- From: Mike.Champion@S...
- To: xml-dev@l...
- Date: Thu, 29 Mar 2001 09:04:59 -0500
Title:
> -----Original Message----- >
From: John Aldridge [mailto:john.aldridge@i...] > Sent: Thursday, March 29, 2001 5:35 AM > To:
xml-dev > Subject: RE: Syntax Sugar and XML information
models
> (b) Editors all write a
_standard_ normal form (i.e. not just > a normal form of their own
choosing)
This is more or less what I was hoping we could collectively
define, and "standard normal form" sounds a lot better than "Syntax Sugar
Information Set." And to answer Rick Jelliffe's question, I agree that
the W3C InfoSet is a reasonable model for what people care about when
navigating or transforming a document, but we need a richer model for editors
and databases. These are two halves of the same coin, since a database must
round-trip whatever is significant to an editor, and an editor must preserve
whatever is significant to a database). BUT I'm not sure I agree "that means you are *not* interested in the information set
of the document, but the actual text of the document's entities.
That is a fine thing.
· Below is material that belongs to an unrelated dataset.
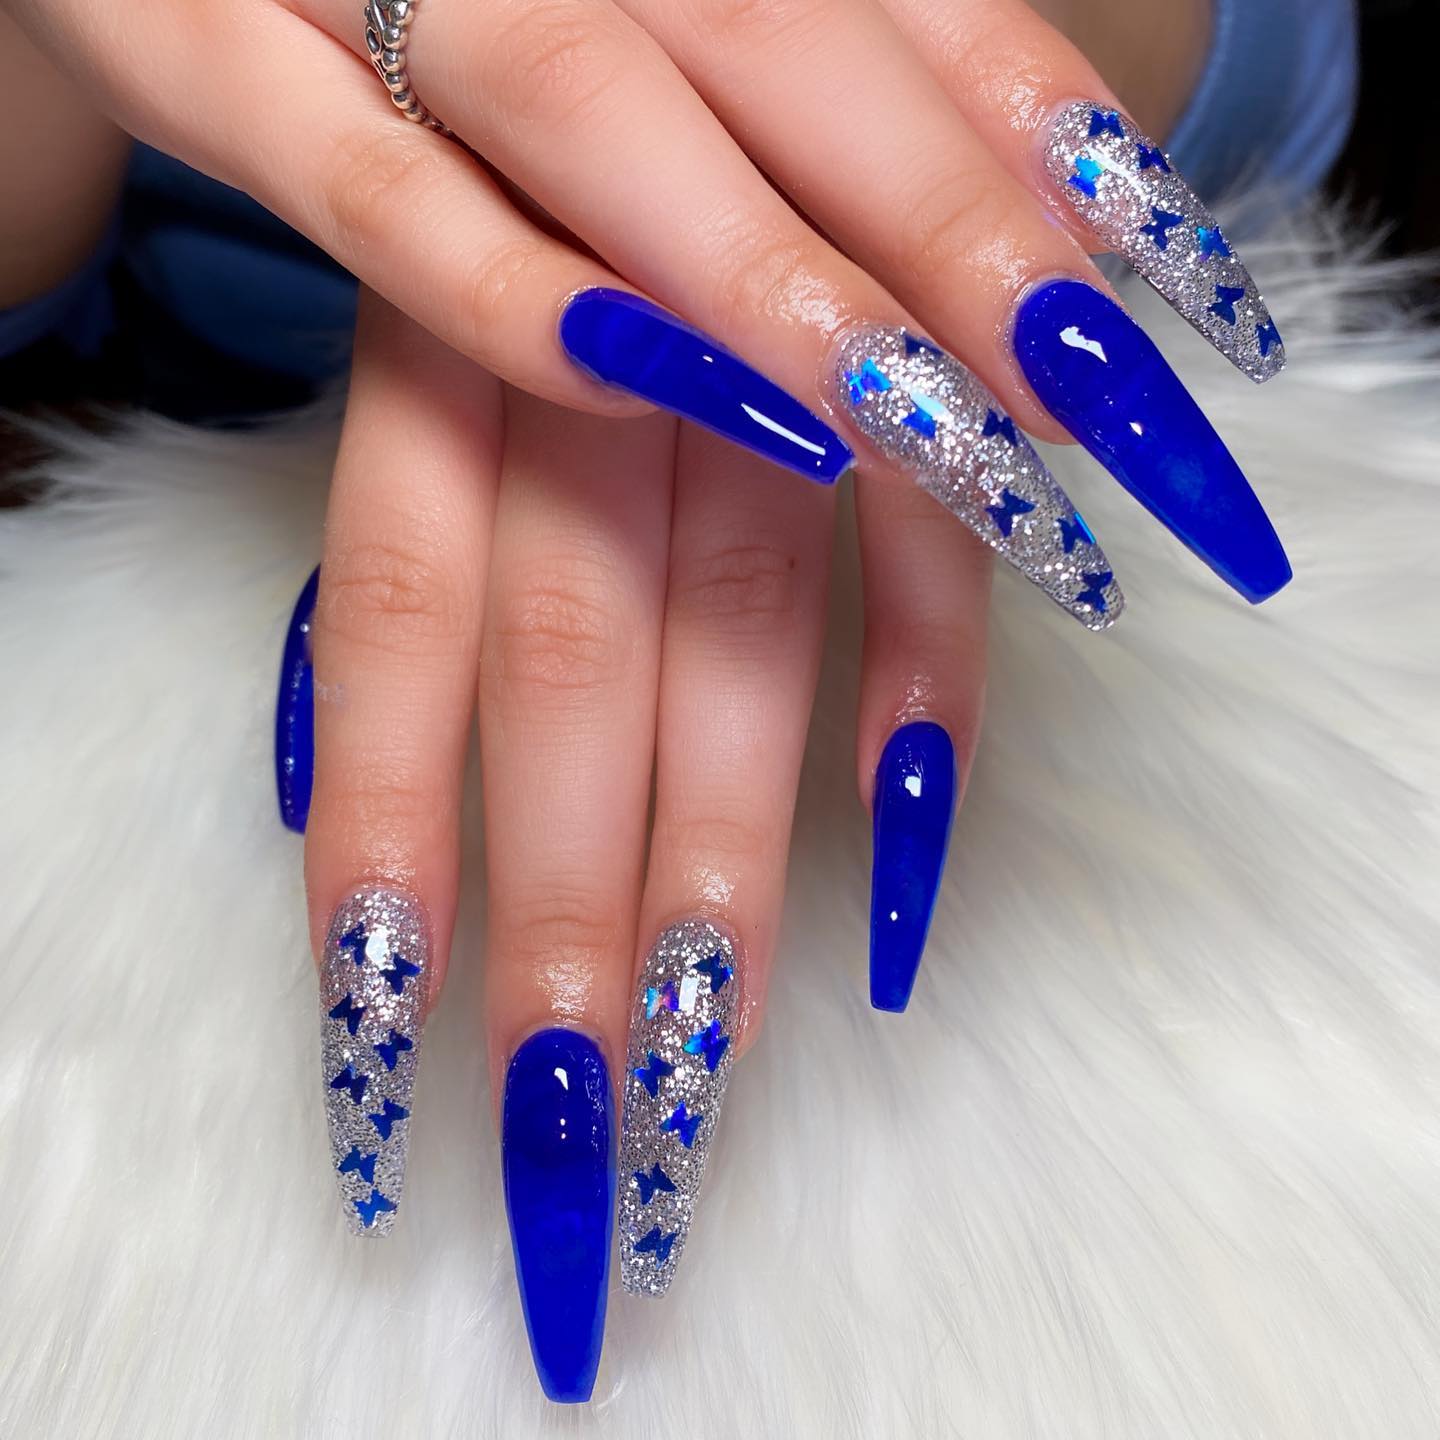 Glitter Royal Blue Coffin Nails: The Trendy Design & How-To Guide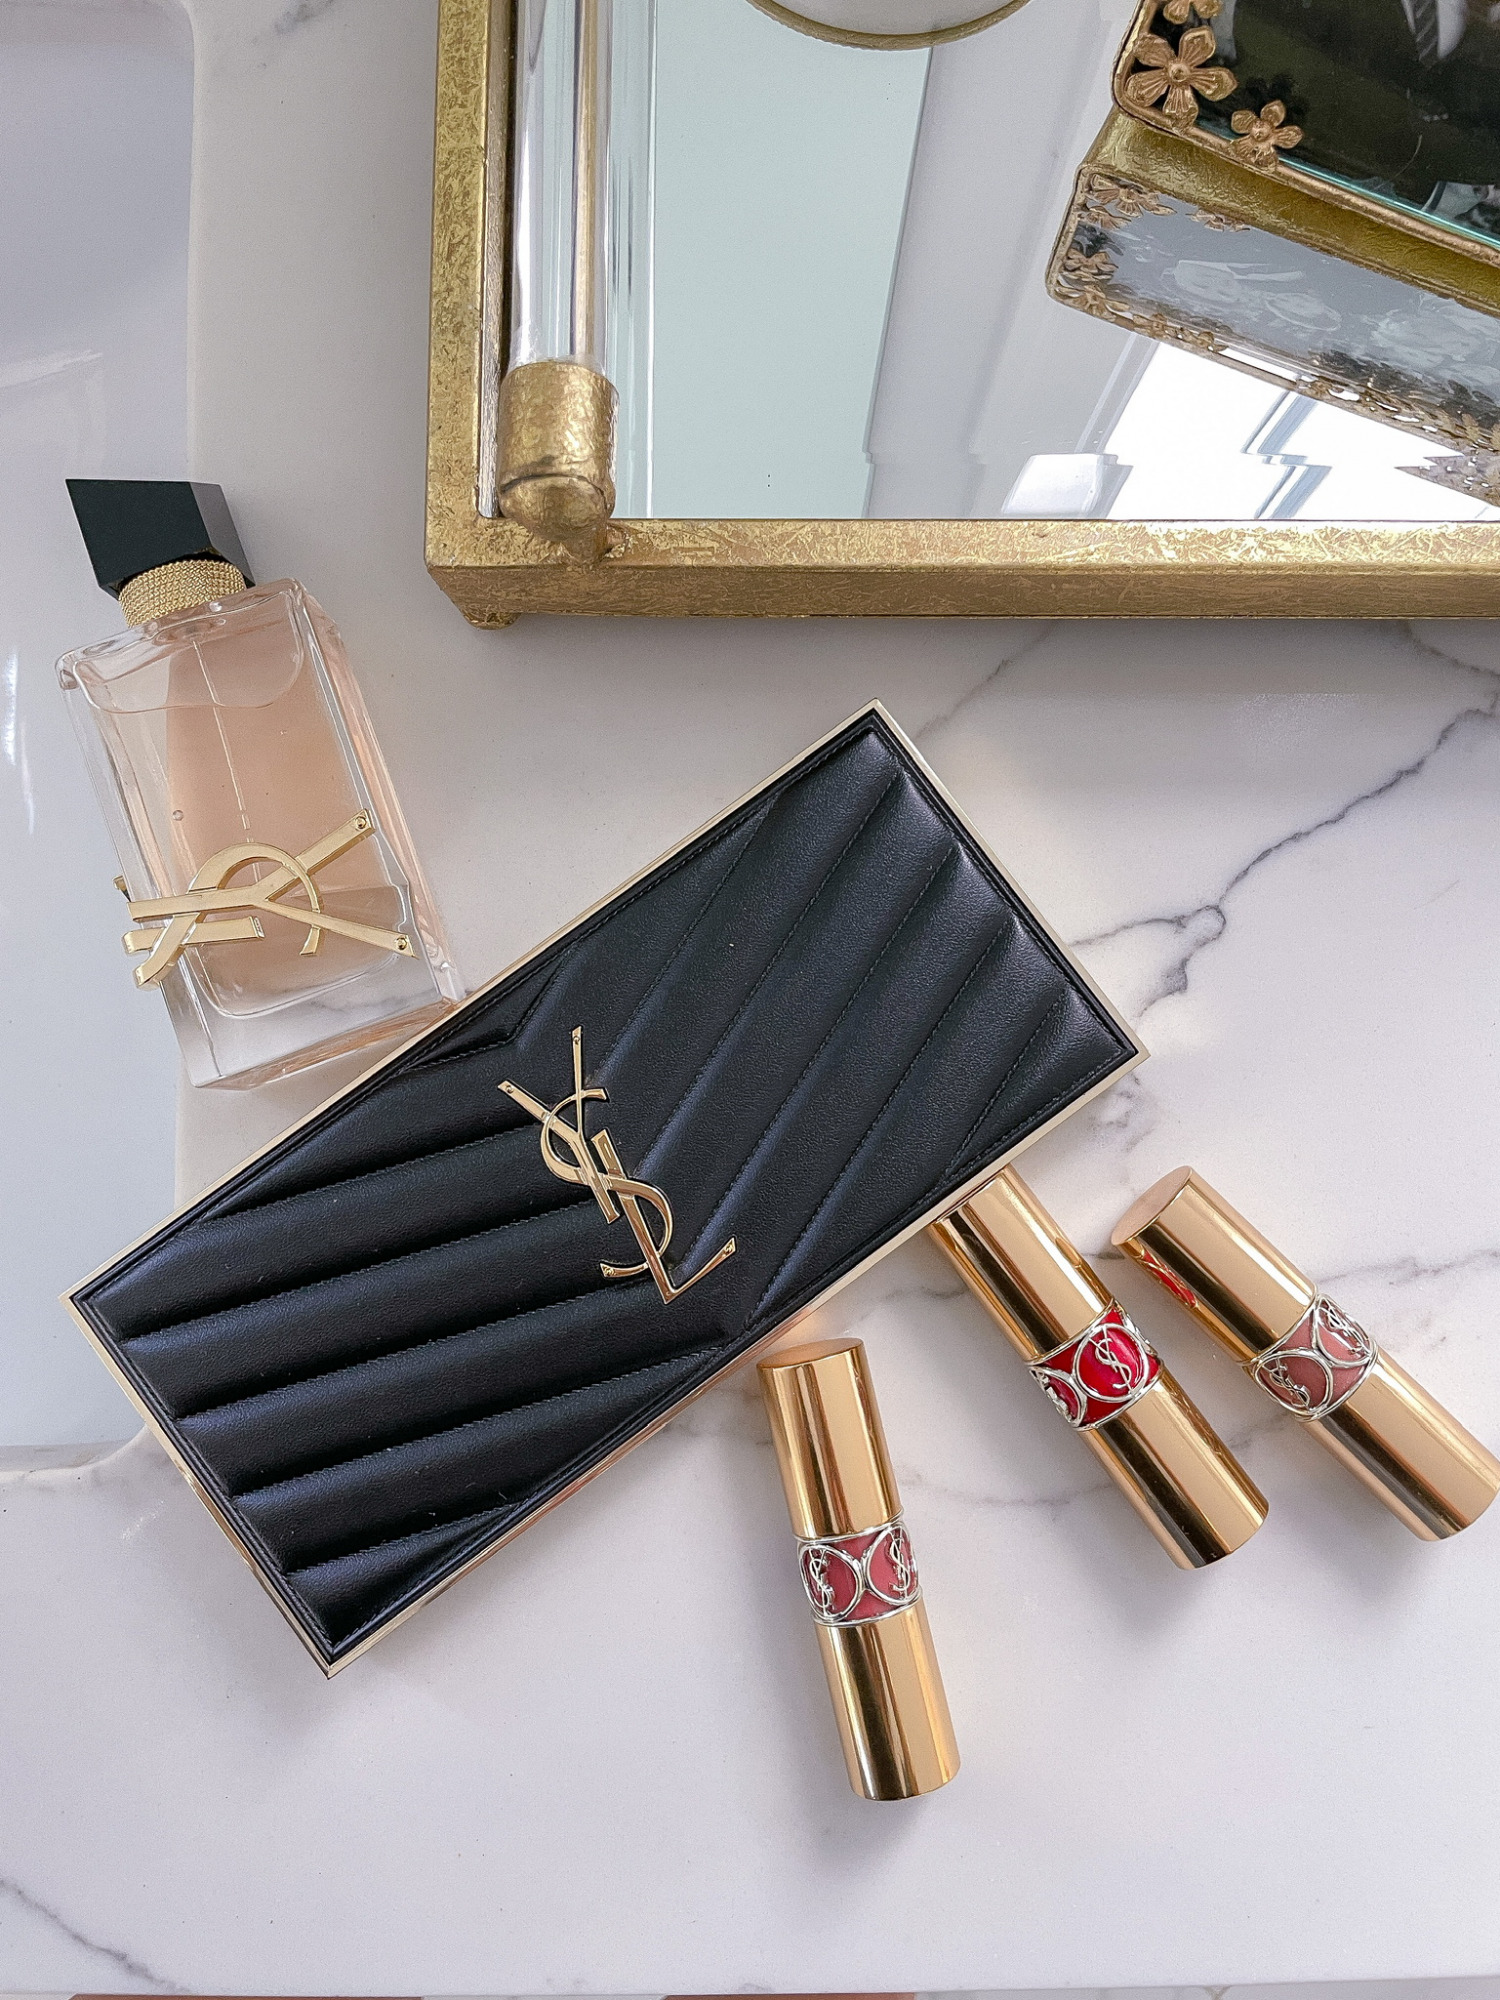 YSL-beaute-review-lipstick-rouge-volupte-shine-summer-lipstick-ltk-day-sale | June Instagram Recap by popular US fashion blog, The Sweetest Thing: image of YSL lipstick.

Let there be element-based (infoset) editors and
entity-based (tag-aware) editors". Databases (and arguably editors)
*should* be interested in the information set of a document rather than just the
bytes that make it up, but they need a richer information set than the W3C
InfoSet.
I'm hoping to find a middle ground between "editors and
databases must simply round-trip the (core) infoset" and "editors and
databases must round-trip every single character". My first cut at this
is that the "standard normal form" is Canonical XML + external entity
references + CDATA sections ... I'm sure there is more.
As for the order of
attributes, doesn't XML 1.0 specifically declare this to
be insignificant?
|